WHAT YOU NEED TO DO:
Return the listing exactly. Keep no pictures.

GIVEN DATA:
★ ★ ★ ★ ★ ★ ★

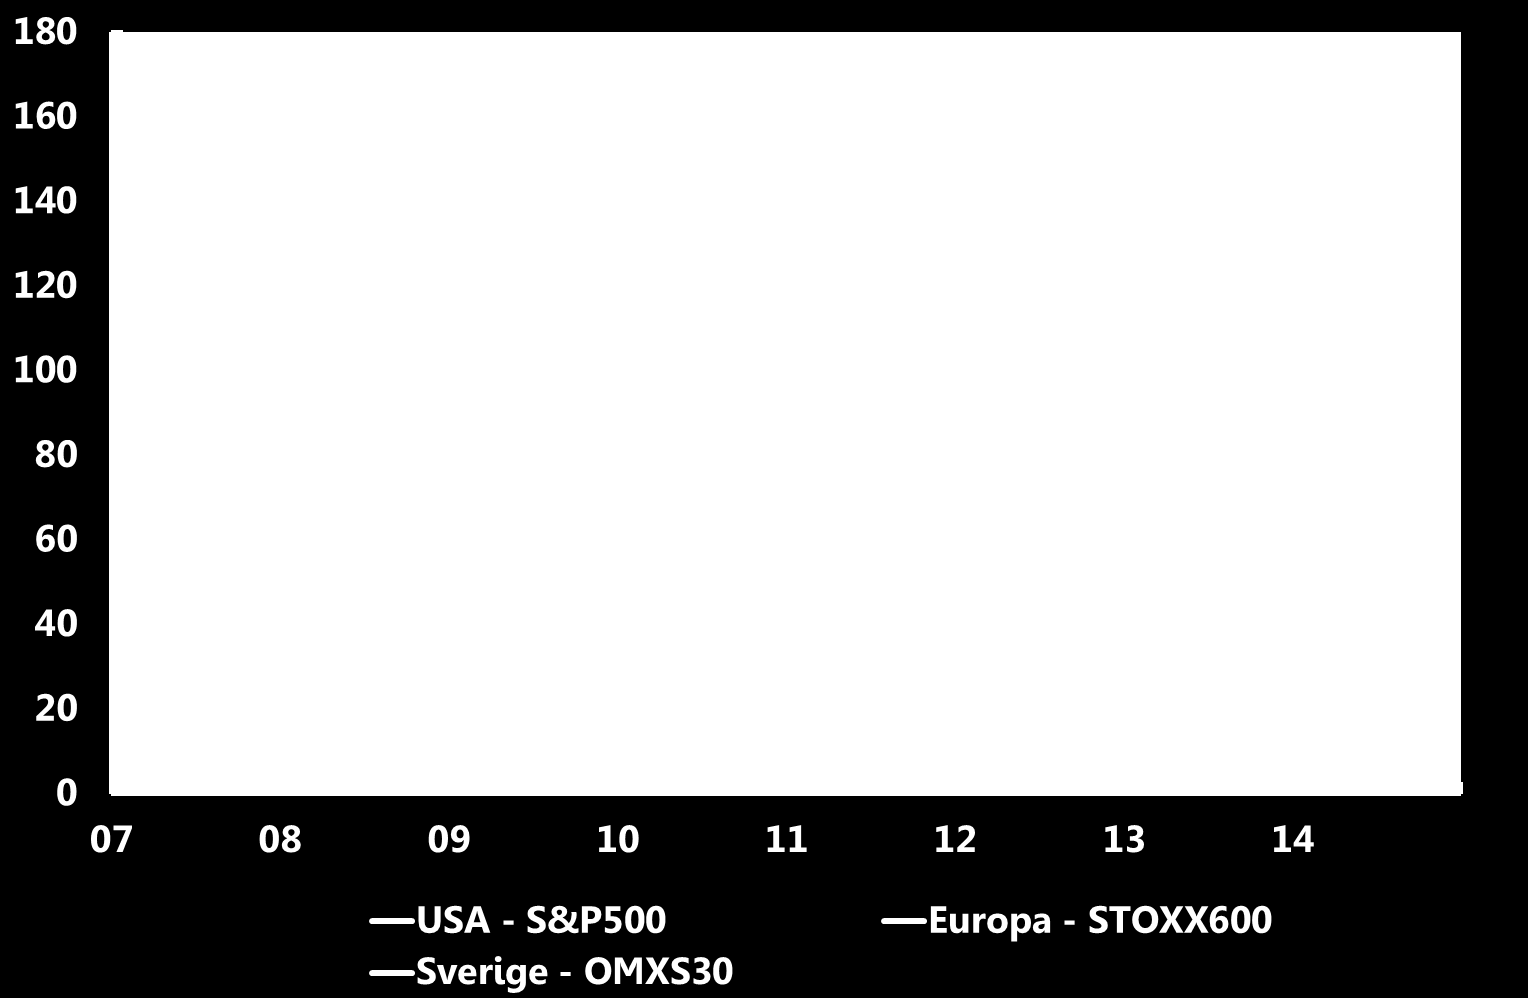 Aktiemarknaden Index, 1 januari 2007 = 100
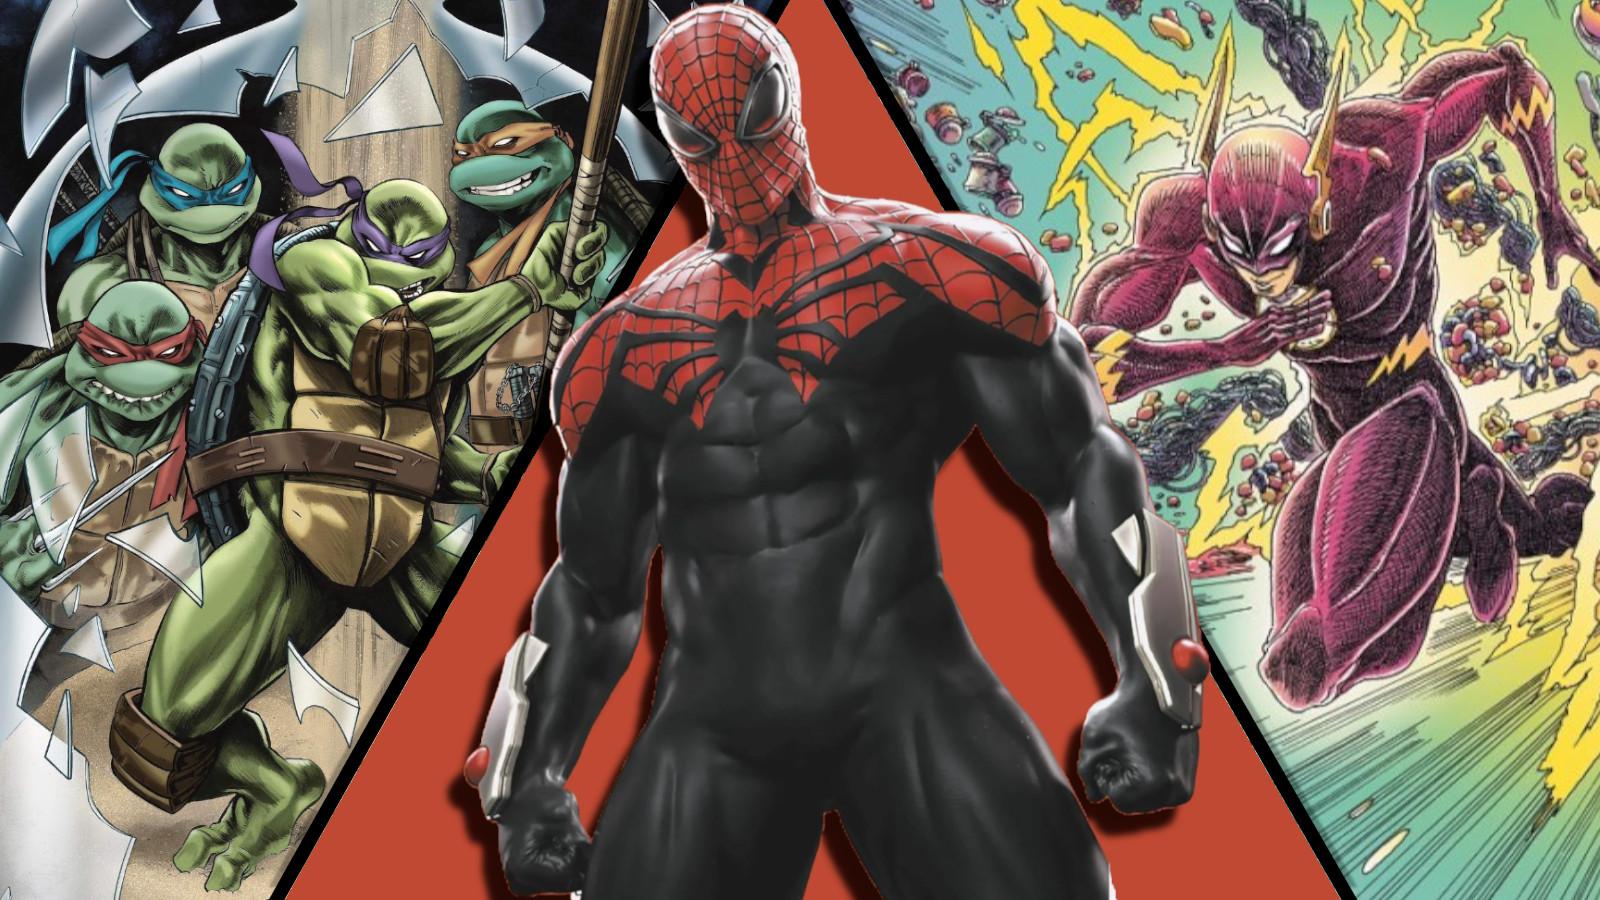 Teenage Mutant Ninja Turtles, Superior Spider-Man & The Flash
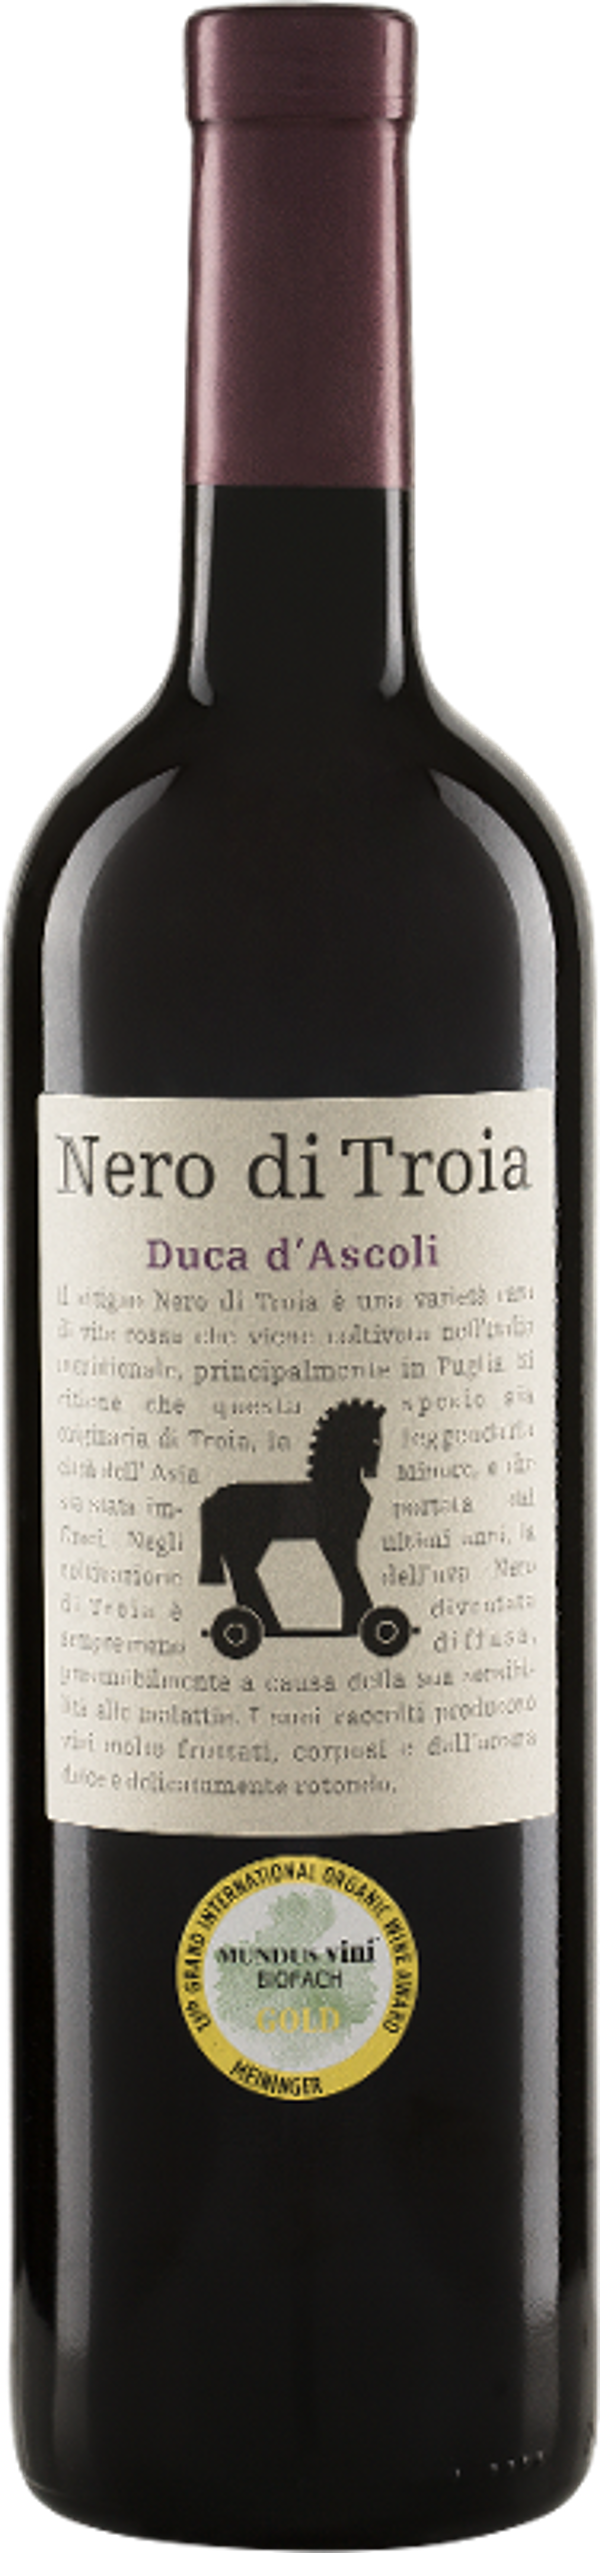 Produktfoto zu Nero di Troia Duca d'Ascoli Pu

★ ★ ★ ★ ★ ★ ★

ANSWER TO THE EXERCISE:
 Aktiemarknaden Index, 1 januari 2007 = 100
 Teenage Mutant Ninja Turtles, Superior Spider-Man & The Flash
 Produktfoto zu Nero di Troia Duca d'Ascoli Pu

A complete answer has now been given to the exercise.